All official Bitwarden clients support custom server URLs. The procedure is the same across apps:

  1. Open the Bitwarden app (browser extension, desktop, or mobile).
  2. On the login screen, click or tap the gear / region selector.
  3. Set Server URL to https://vault.example.com.
  4. Log in with the account you created in Step 5.

The browser extension is available for Chrome/Chromium, Firefox, and other browsers. The desktop client works on Linux under both X11 and Wayland. On mobile, install the official Bitwarden app from F-Droid, Google Play, or the App Store — it will talk to your server, not Bitwarden's cloud.

Verification

# Check containers are running
docker compose ps

# Check Vaultwarden version and health
curl -s https://vault.example.com/alive

# Confirm WebSocket endpoint
curl -s -o /dev/null -w "%{http_code}" \
  -H "Connection: Upgrade" -H "Upgrade: websocket" \
  https://vault.example.com/notifications/hub

The /alive endpoint returns Ok. The WebSocket endpoint returns 400 from a plain curl, which is correct — it means nginx is proxying it rather than blocking it.

Troubleshooting

"Invalid admin token" at /admin

You likely pasted the hash with whitespace, or used a plain-text token instead of a bcrypt hash. Re-run the docker run ... hash command, copy the output carefully, and make sure the entire $2y$... string including dollar signs is inside double quotes in the Compose file.

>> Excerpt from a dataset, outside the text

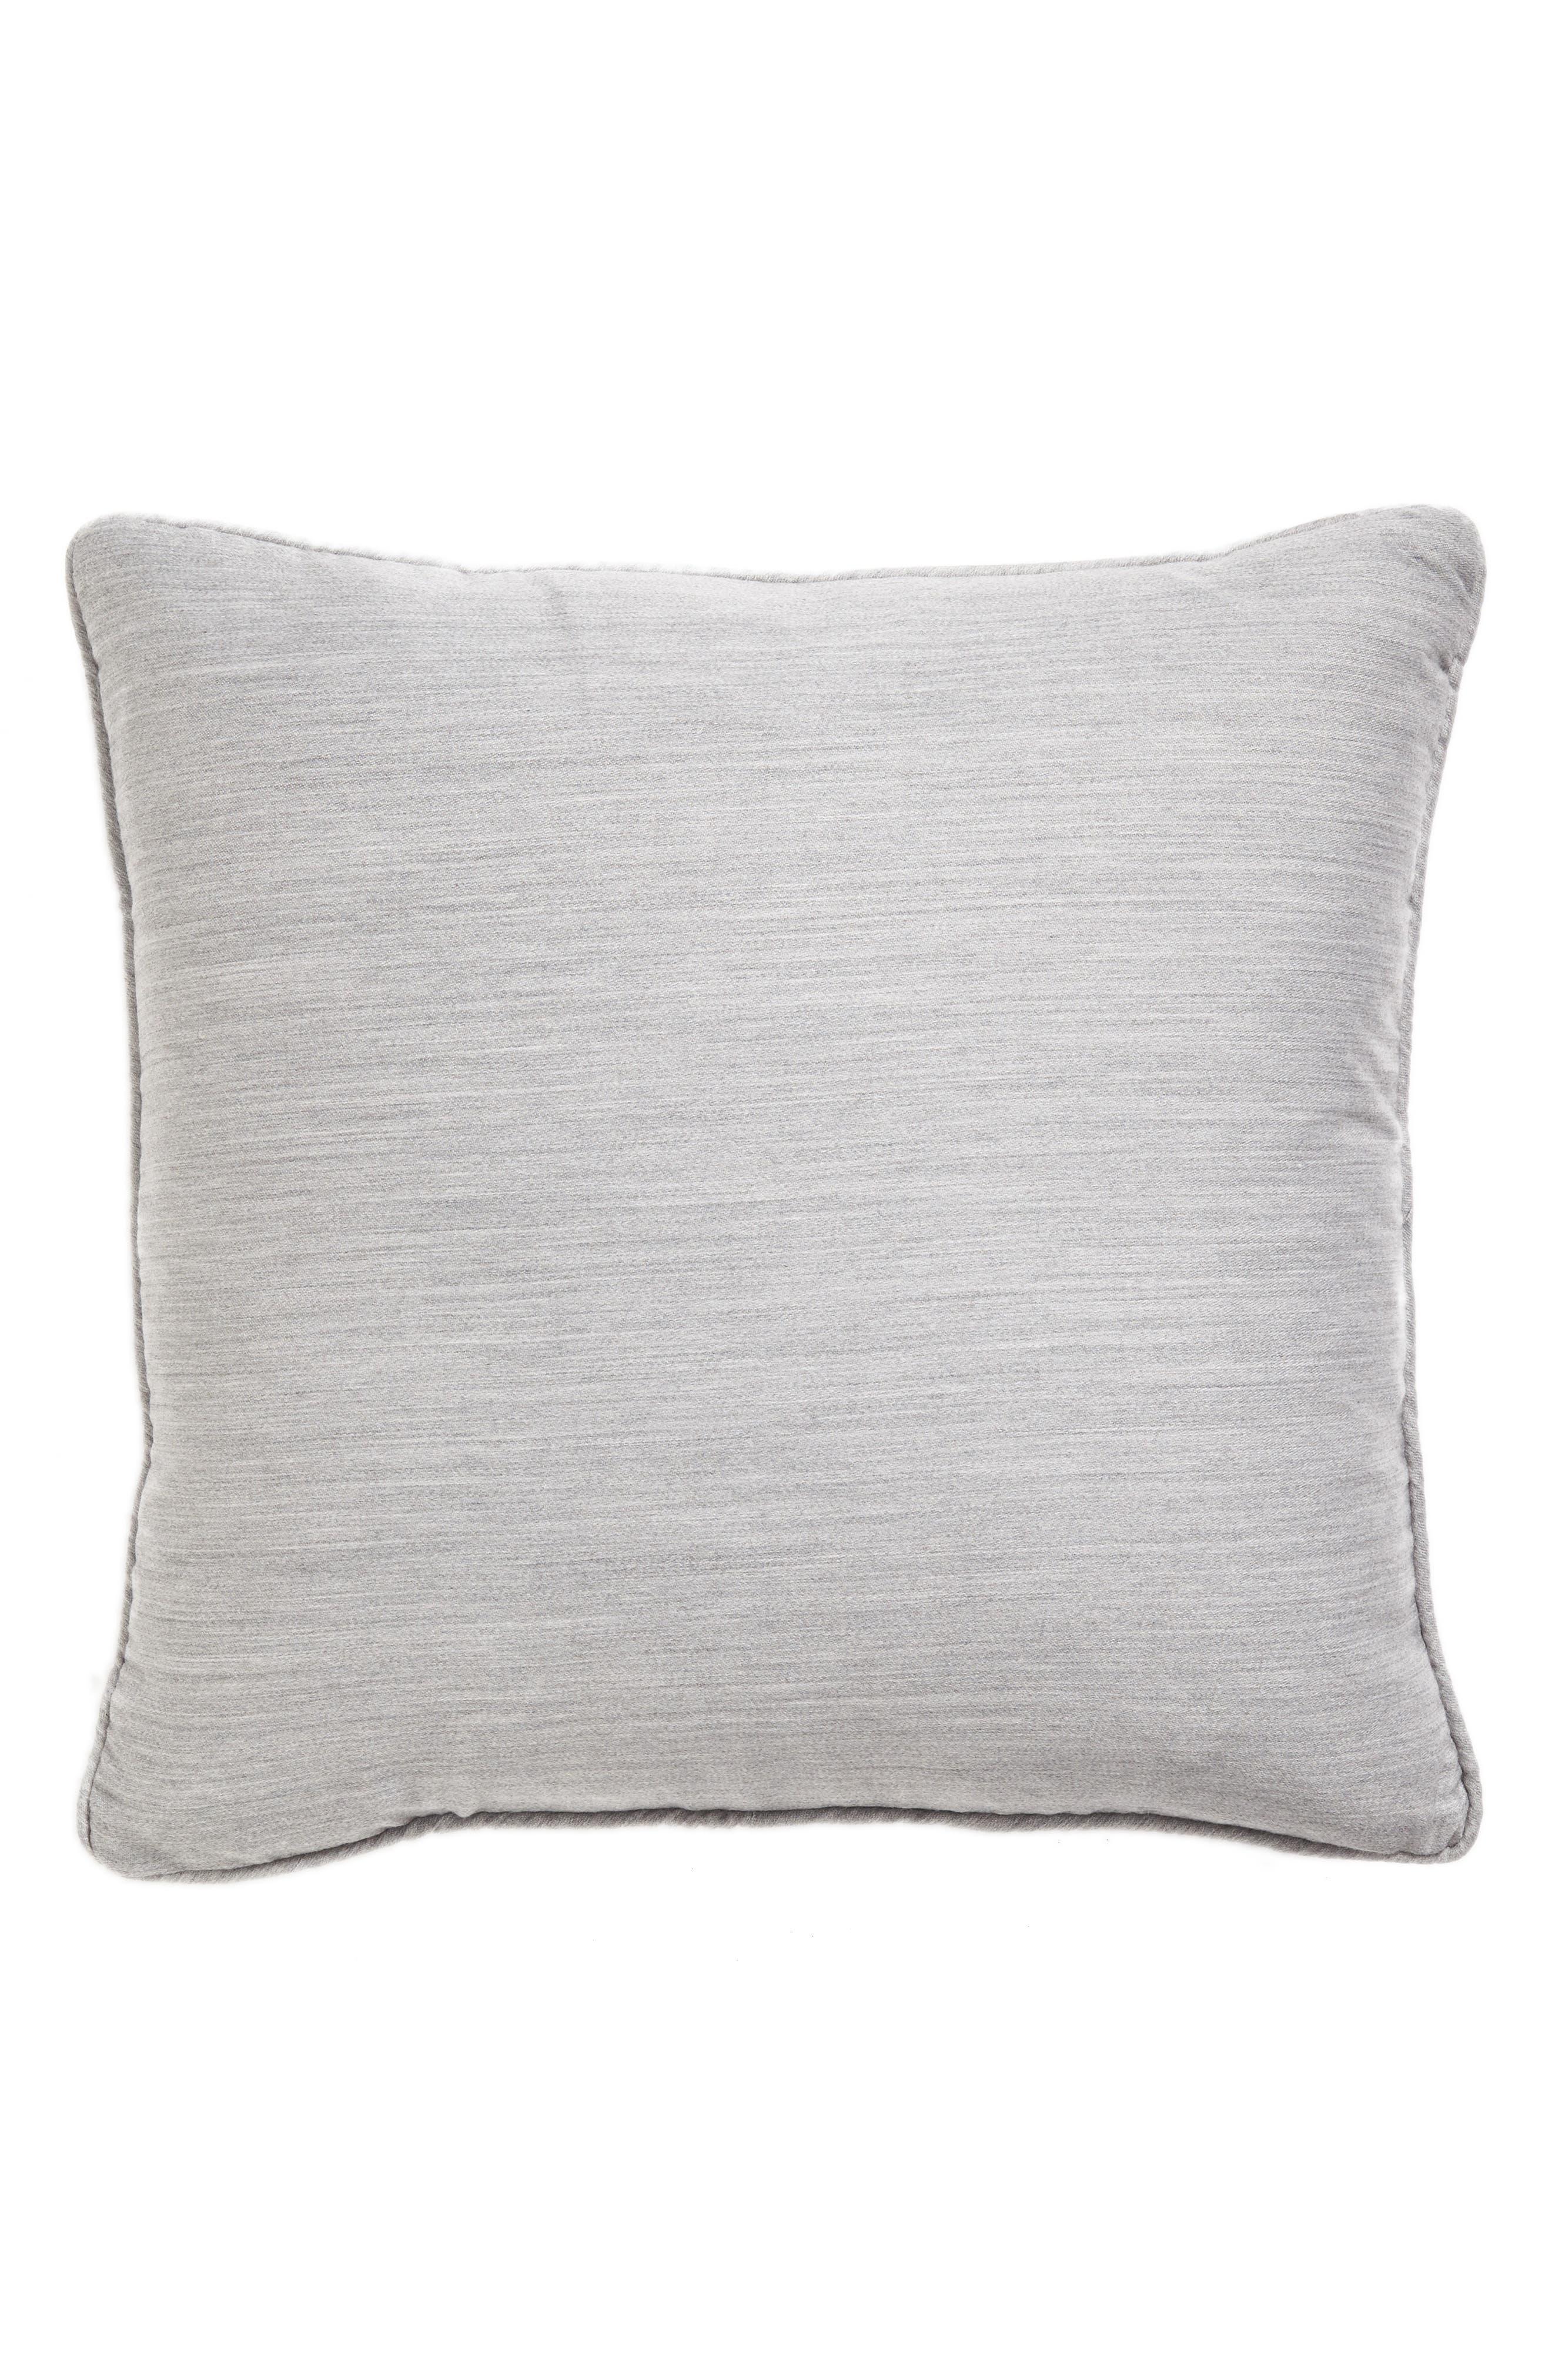 Brione Accent Pillow,                             Alternate thumbnail 2, color,                             ALUMINUM

WebSocket notifications not working (vault doesn't sync live)

Double-check the /notifications/hub and /notifications/hub/negotiate location blocks in nginx. Omitting the proxy_http_version 1.1 and Upgrade headers is the most common mistake. Check nginx logs with docker compose logs nginx-vw.

Certificate renewal breaks nginx

After certbot renew the nginx container needs a reload to pick up the new cert. Add && docker exec nginx-vw nginx -s reload to your renewal cron job or deploy hook.

Clients show "cannot connect to server"

Verify that port 443 is open in your firewall. On nftables/ufw/firewalld:

# ufw
sudo ufw allow 443/tcp

# firewalld
sudo firewall-cmd --permanent --add-service=https && sudo firewall-cmd --reload
tested on:Ubuntu 24.04Debian 12Fedora 40Arch rolling

Frequently asked questions

Is Vaultwarden safe to use for real passwords?
Yes, with caveats. Vaultwarden uses the same client-side encryption as the official Bitwarden service, so your passwords are encrypted before they leave your device. The risk is operational: you are responsible for keeping the server patched, backed up, and properly secured. Run it behind TLS, restrict the admin endpoint, and keep Docker images updated.
Can I migrate my existing Bitwarden cloud vault to Vaultwarden?
Yes. In the official Bitwarden web vault or app, go to Tools → Export Vault (encrypted JSON format is safest). Log into your Vaultwarden instance and import that file via Tools → Import Data. Attachments must be re-uploaded manually.
Why use nginx instead of Caddy or Traefik?
This guide uses nginx because it is ubiquitous and its configuration is easy to audit. Caddy is a popular alternative that handles TLS automatically without a separate certbot step. Traefik suits setups with many containers. The Vaultwarden wiki has example configs for all three.
Do I need to expose port 3012 publicly for WebSockets?
No. Nginx proxies WebSocket traffic from port 443 to the container's internal port 3012. Port 3012 should not be published to the host or opened in your firewall — the proxy_pass in the nginx config handles the internal routing.
How do I update Vaultwarden?
Pull the new image and recreate the container. Run: docker compose pull && docker compose up -d. Vaultwarden applies any database migrations automatically on startup. Check the GitHub releases page for breaking changes before upgrading major versions.